Was the music on TMI completely done before any vocals were recorded? Was there much discussion on details like harmonies, final mixes, track running order? [How was this stuff decided upon?]

Bernie : Completely independent. Dale wrote and recorded all the backing tracks in Canada, then l took them into the studio the Heep have recorded the last few albums in, with the engineer who’s worked with me for 12 years and we came up with lyric lines, some new, some true to the original, the l came up with all the harmonies and bv’s on the spot. Good fun, great experience, but boy, not as easy as when l had Phil Lanzon just firing them off the top of his head. Very proud of the outcome though.

Dale : Bernie was of course familiar with the four songs we had recorded earlier and so he knew all the vocal parts and took those songs from that point vocally. For the new material I sent demos over with me singing the songs to demo the vocal melodies I had composed for the lyrics. From there Bernie works the melodies and phrasing a bit to suit his style and writes all the back up harmony vocal melodies.

What can you tell me about the other players used on the album and your connections to them?

Bernie : I’ve known Don Restall most of my life. Met him in elementary school, and he’s always been a drummer, and a damn good one!
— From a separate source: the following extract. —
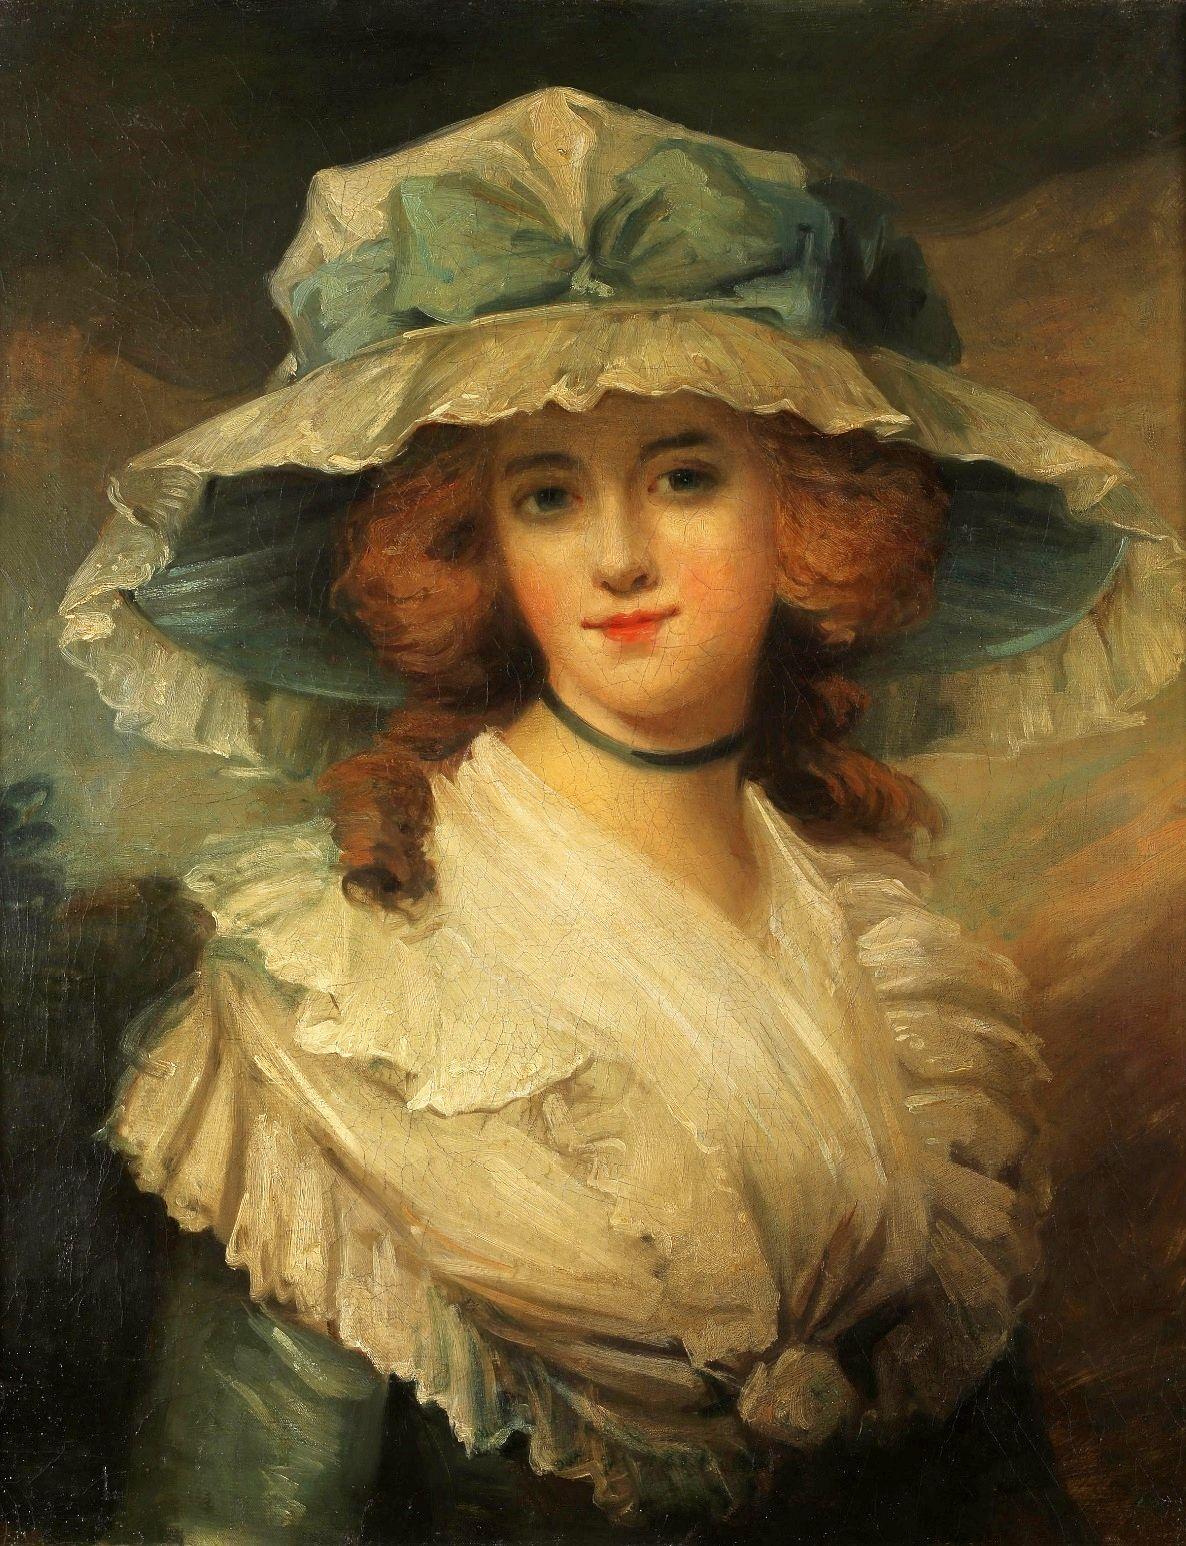 Portrait of a lady by George Romney, 4th quarter of the 18th century (PD-art/old), Zamek w Pieskowej Skale
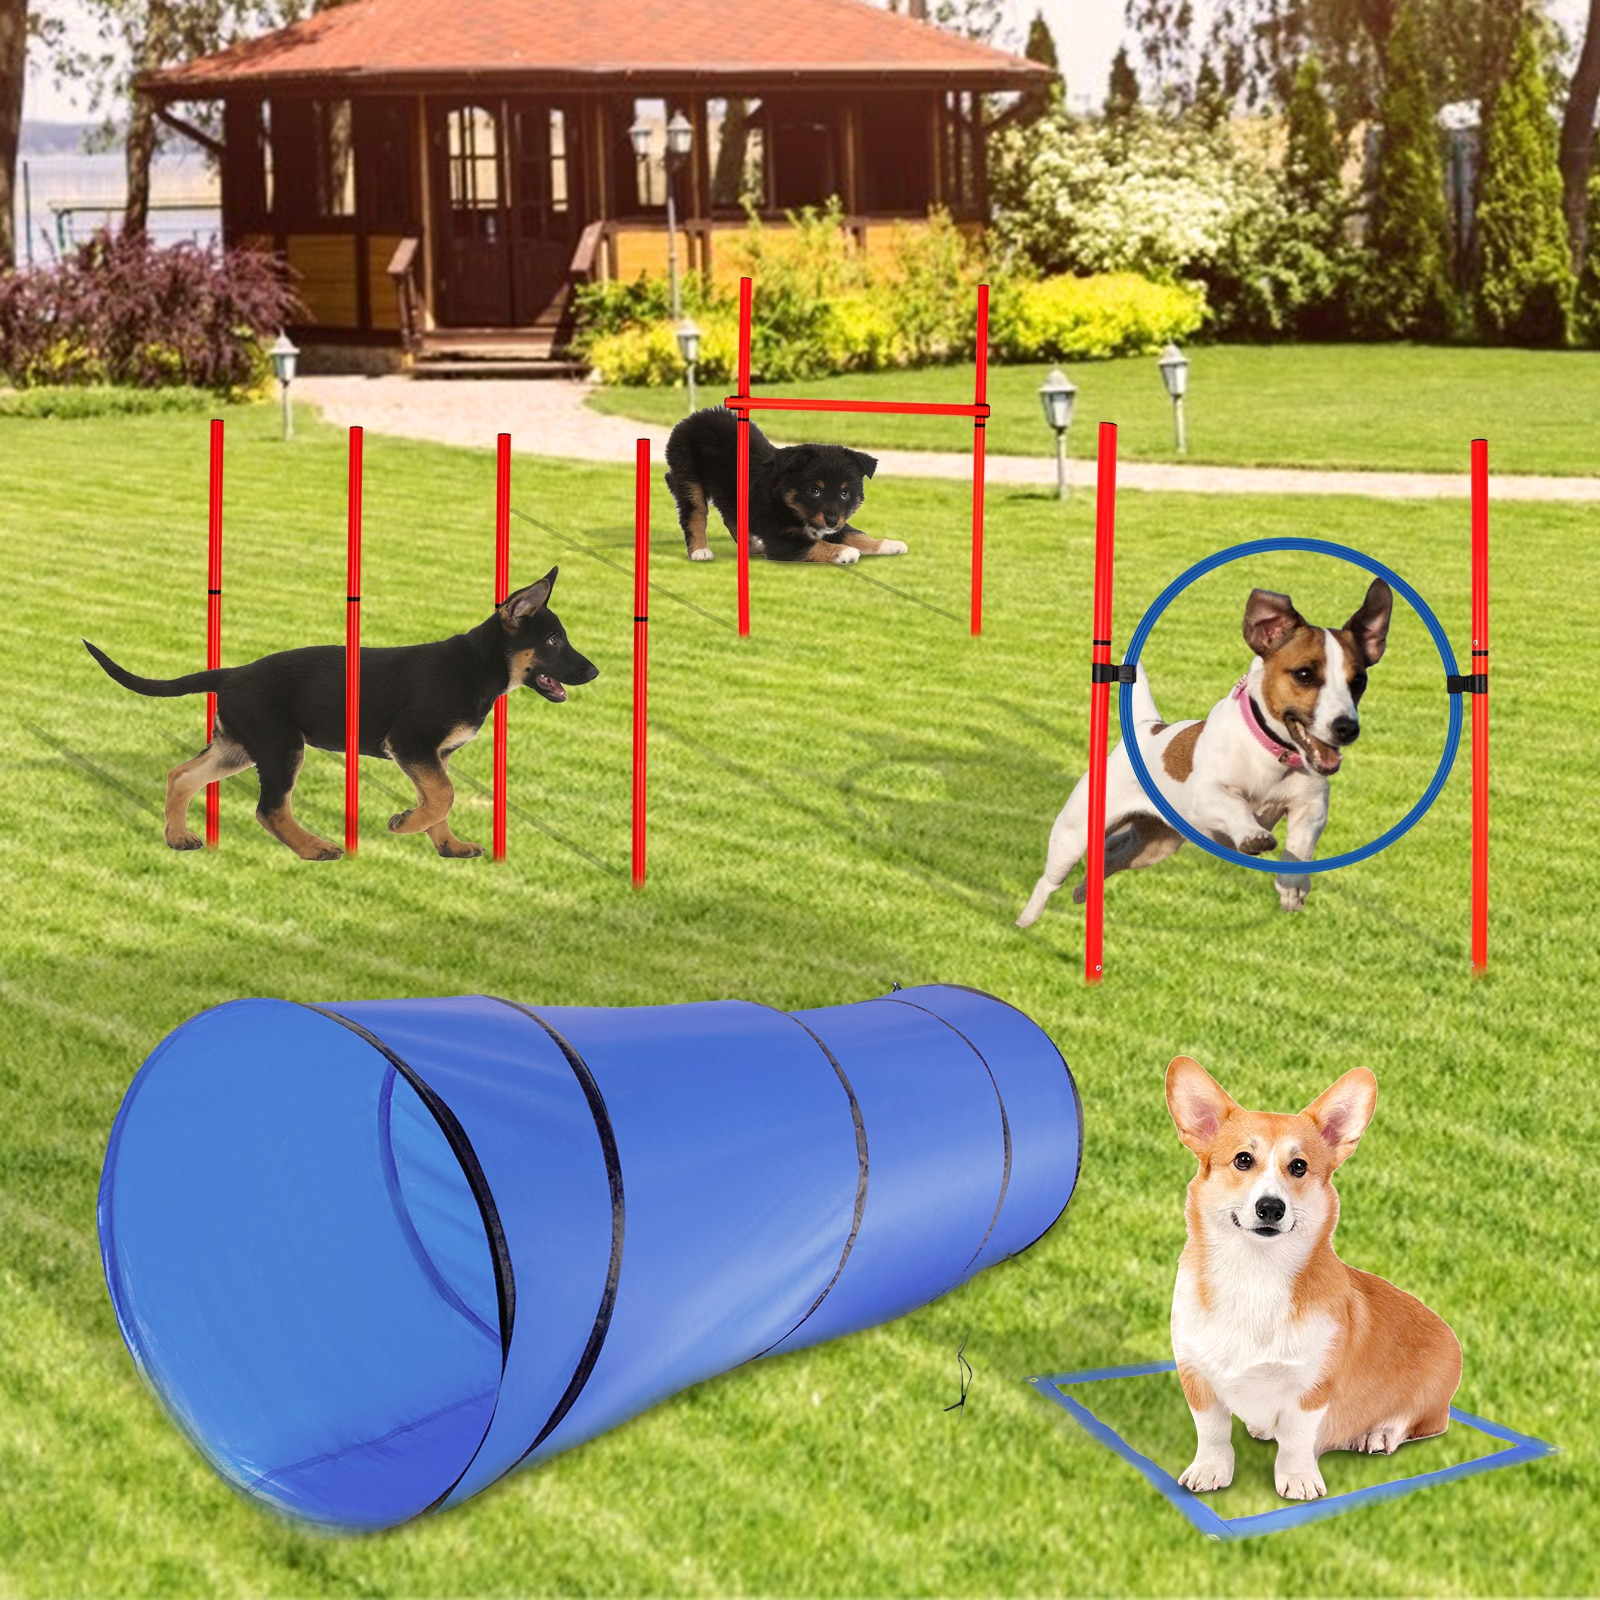 Dog Agility Training Tool Dog Training Toy Training Channel Agility Tunnel High Jump Pole Agility Jump Ring Set enlarge

Great backing singer too. Good combo. We’ve been in a hundred garage bands together over my teenage years and before! We were in ‘In Transit’ together, so we know each other inside and out. So good to have him on this album..

Dale : I met Don and Bernie in 1996, when I got a call to audition for the band In Transit, which was a cover show Don and Bernie were building to do some shows during Bernie’s Christmas time visit to Victoria, BC where his family lived. Over the course of doing a few shows together discussions took place about doing some recording, which led to the EP Picking Locks.
On a very interesting and pleasant note for me, the song Alone has 3 of the four original members from my old band London Times, from many years before. Drummer Kelly Studola and bassist Neil van Dyjk , and myself were the original members of London Times which was a four piece rock cover band doing Zepplin, Aerosmith, Sabbath, Pink Floyd, Rush, Max Webster and the like. We had a great singer named Kevin Fullerton who could sing all those high singer parts and the band toured for years with great success in two different version.
Jason Gardenits is a keyboardist/ piano player from my area who I have worked with in Sleeping Dogs Lie. I just love his piano work on Sad Song and Hey Jimi.
Mark Ammar, who played drums on Just A Little Bit, is the drummer who I grew up with from grade 7 through high school and we as kids spent tons and tons of hours jamming and learning to play together. Just A Little Bit struck me as having a kind of Zeppish feel to it and knowing Mark as I do I felt he was the right drummer for that song.

Do either of you have any other projects on the go? [Bernie – aside from Heep!]

Dale : I Always have some musical on the go. I am planning an album and hope to begin work on it as soon as things settle down a bit. I have been very busy with this release.

What new and/or old albums or artists are each of you listening to these days?

Bernie : My listening spectrum is pretty wide. Lyle Lovett, to Lady Antebellum. Patricia Barber to John5. The Blind Boys of Alabama, to Sammy Hagar and the Circle. Damn Yankees, to Jeff Beck. And YES. I’m a Nicleback fan. Love Chad’s lyrics. They are “real” and to me , that’s what counts!!! Oh ya…. and they’re Canadian !

Dale : I have some music, that for me will ever be in my list of favorite listening – albums like Dark Side Of The Moon, Crime Of The Century, most Led Zeppelin, Big Generator from Yes, and far too many to list here… but I am also a fan of Foo Fighters, Vdelli, and many newer bands. I try, when I can, to stay in touch with what is new in rock music; I believe it helps keep me from being in a writing rut.